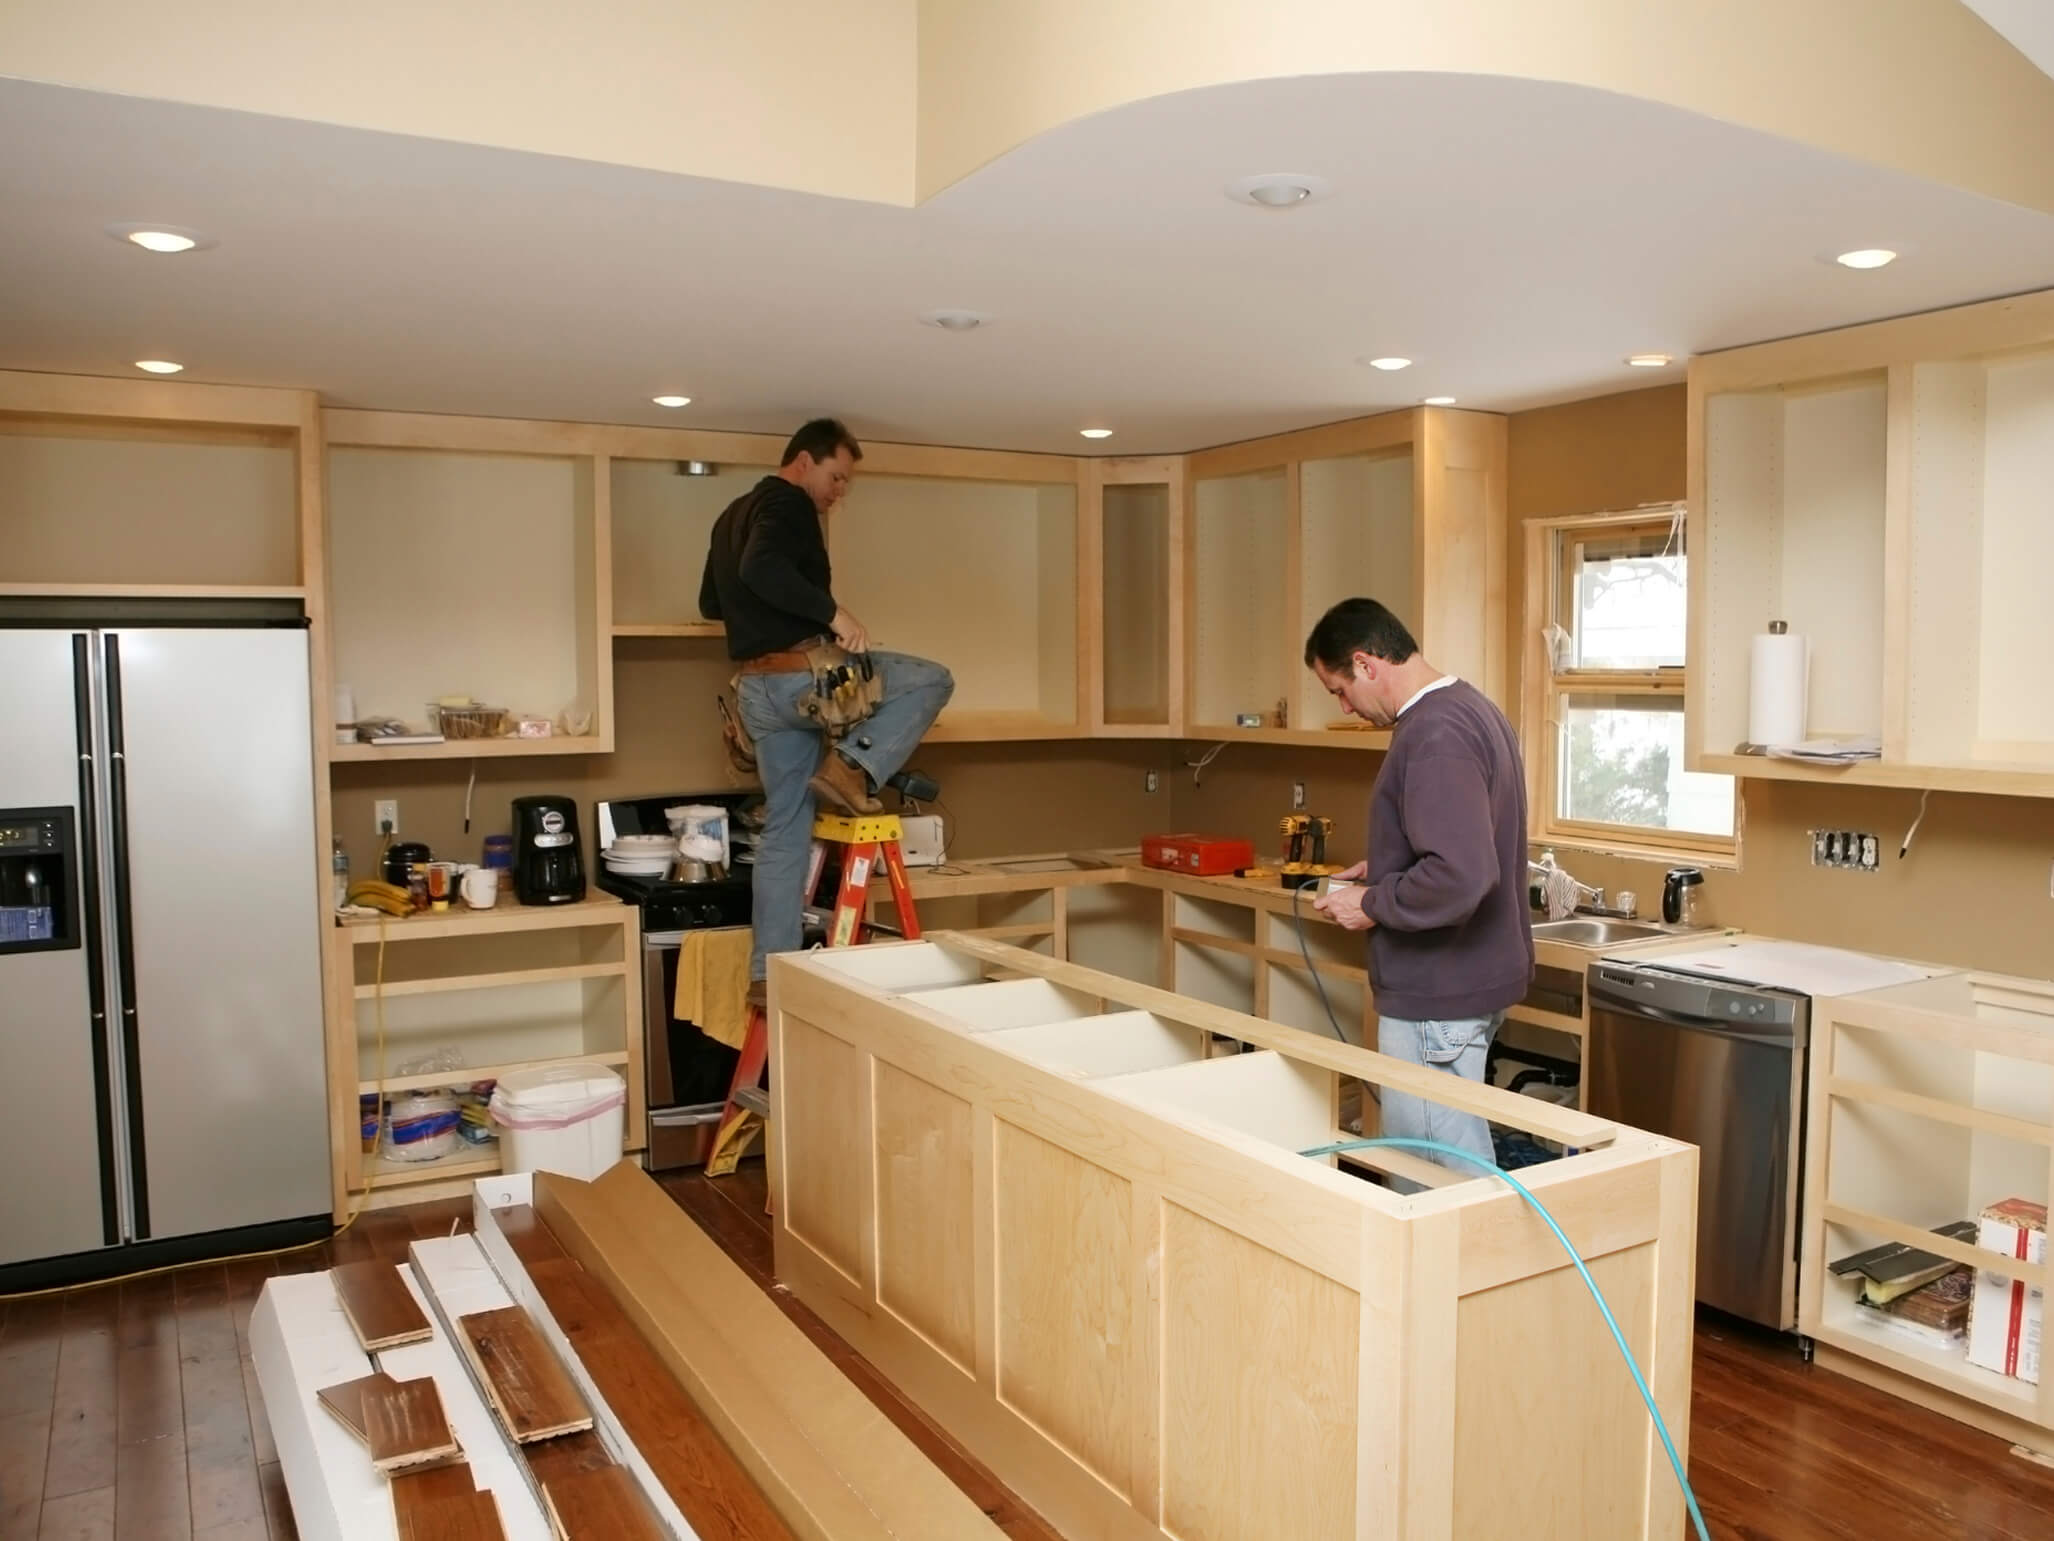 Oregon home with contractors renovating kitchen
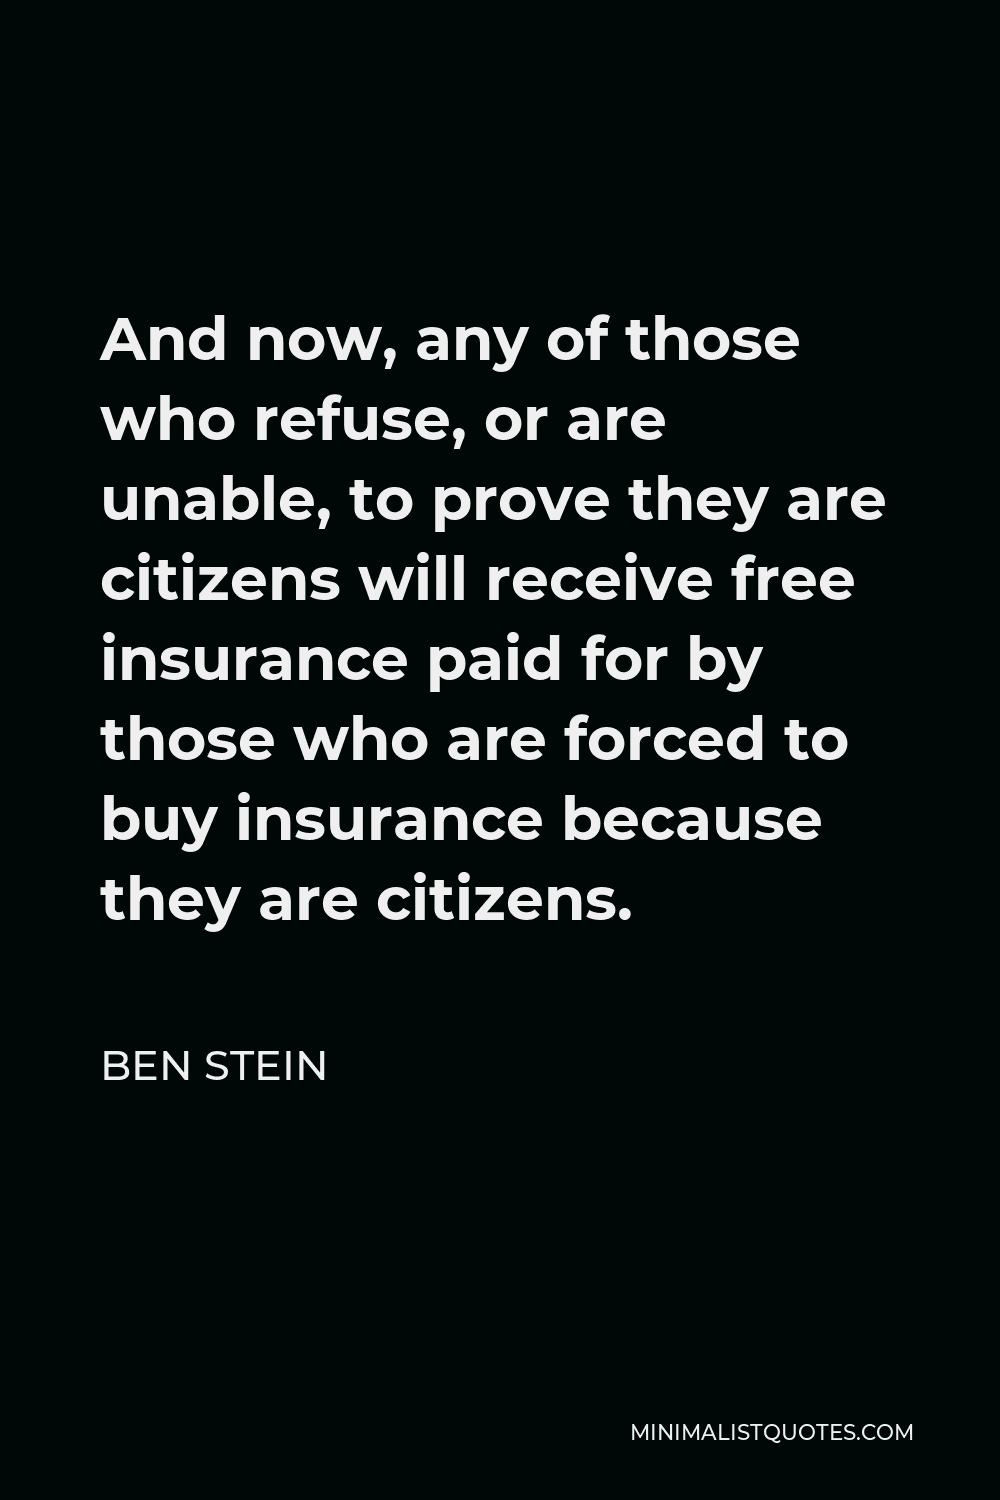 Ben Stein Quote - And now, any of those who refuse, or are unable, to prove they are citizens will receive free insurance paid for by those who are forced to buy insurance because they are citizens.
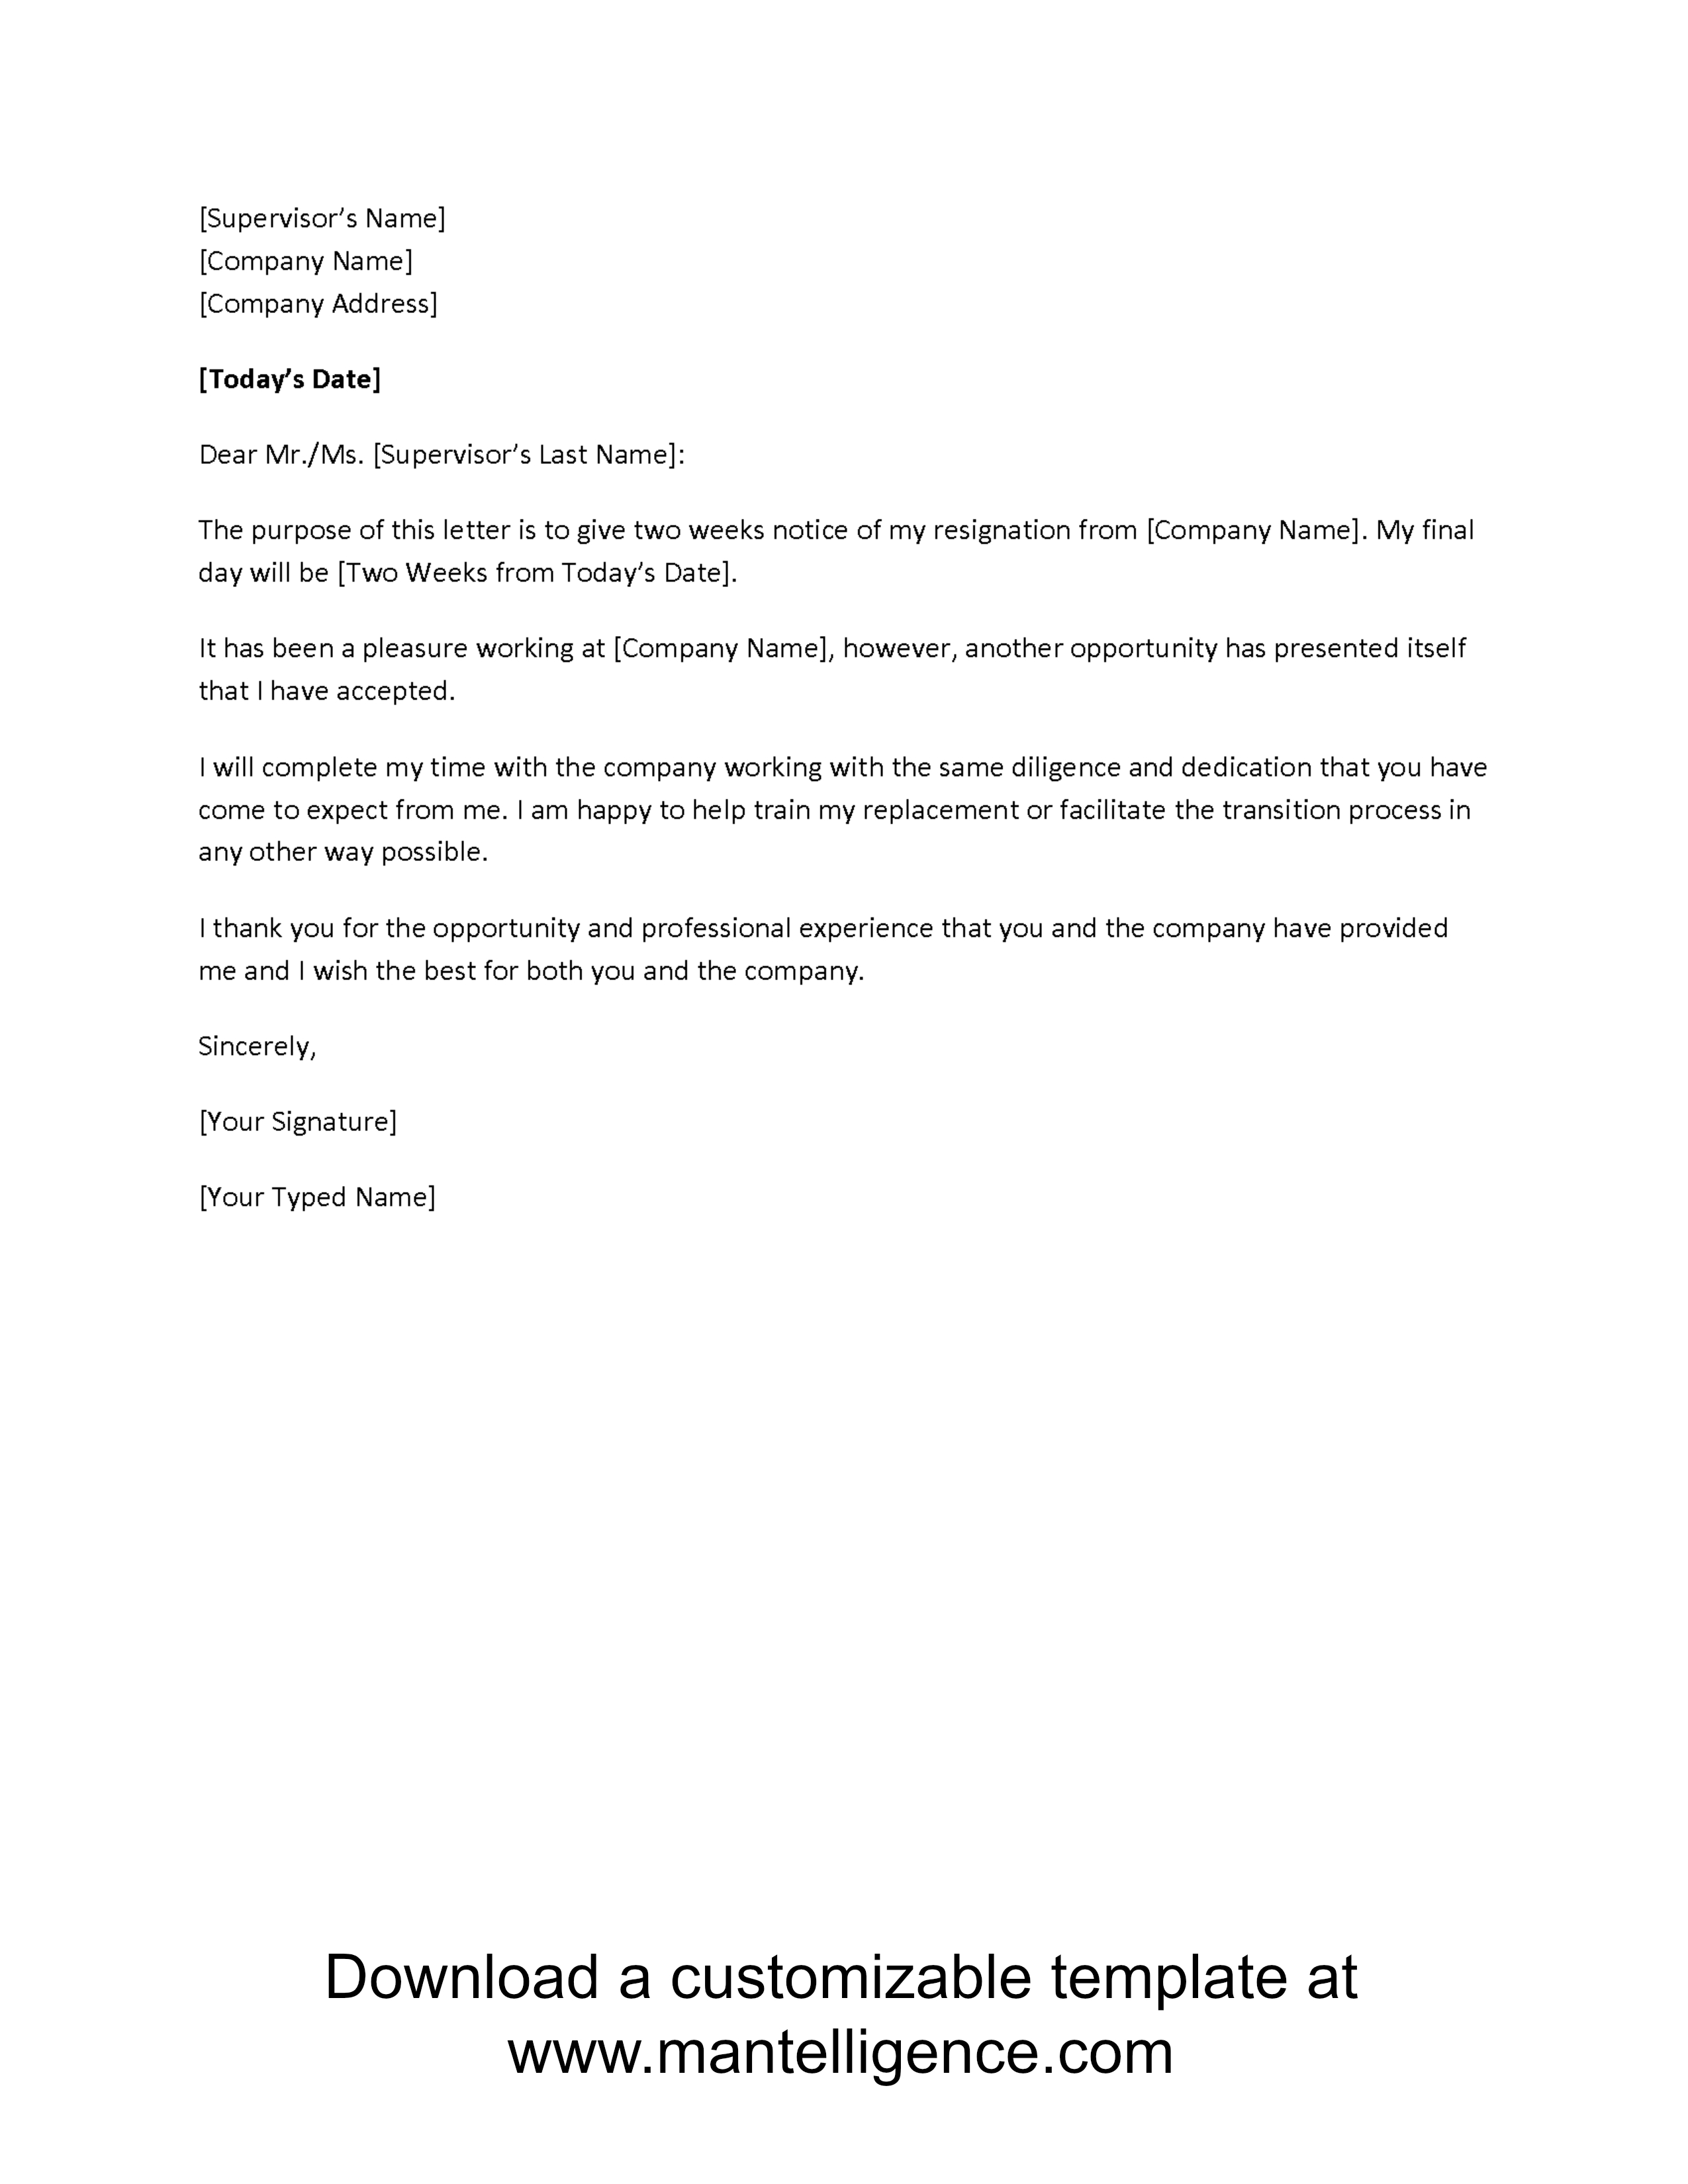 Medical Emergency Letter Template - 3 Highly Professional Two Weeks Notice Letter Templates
---*---
■ Work request
Every line of the listing should be repeated exactly; no picture should appear.

■ Output
 Oregon home with contractors renovating kitchen
 Ben Stein Quote - And now, any of those who refuse, or are unable, to prove they are citizens will receive free insurance paid for by those who are forced to buy insurance because they are citizens.
 Medical Emergency Letter Template - 3 Highly Professional Two Weeks Notice Letter Templates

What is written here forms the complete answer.